**What to work on**
Your task is to copy the stretch of lines in the records below that begins with the line containing "A group of young" and ends with the line containing "Independent Civano Nursery", exactly as written, with nothing added.

**Material shown**
....

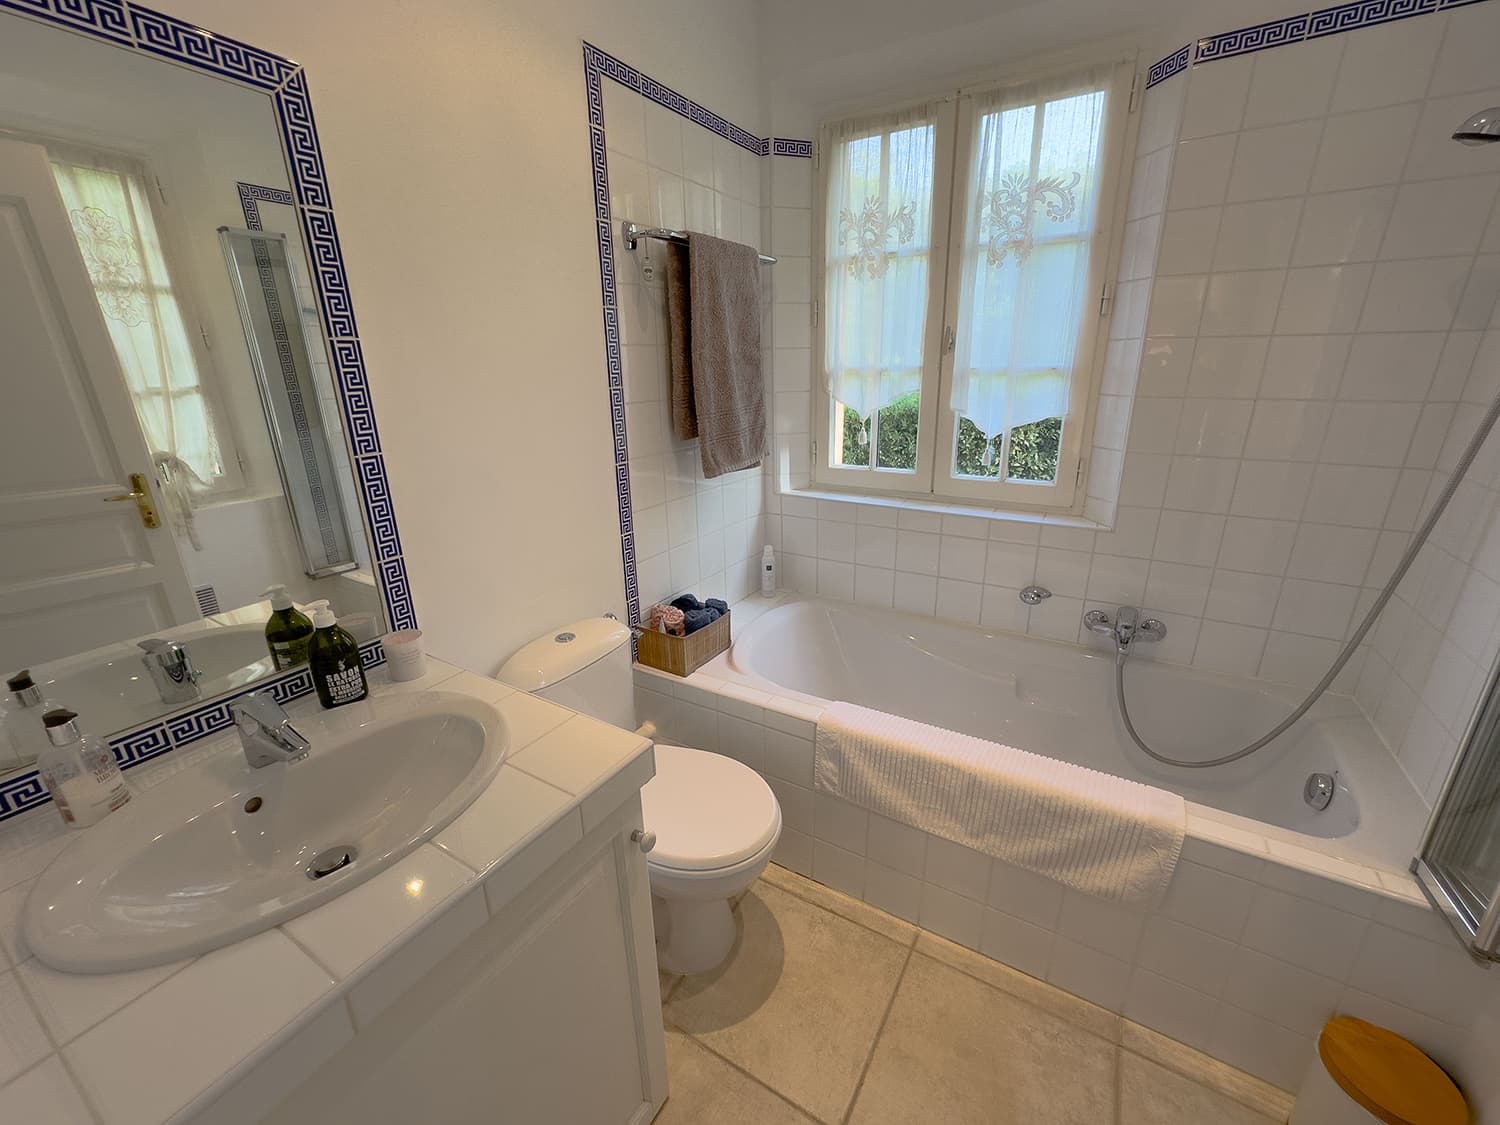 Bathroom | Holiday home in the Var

....

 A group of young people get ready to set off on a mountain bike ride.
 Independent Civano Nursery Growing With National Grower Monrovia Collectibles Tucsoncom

....

**Output below**
 A group of young people get ready to set off on a mountain bike ride.
 Independent Civano Nursery Growing With National Grower Monrovia Collectibles Tucsoncom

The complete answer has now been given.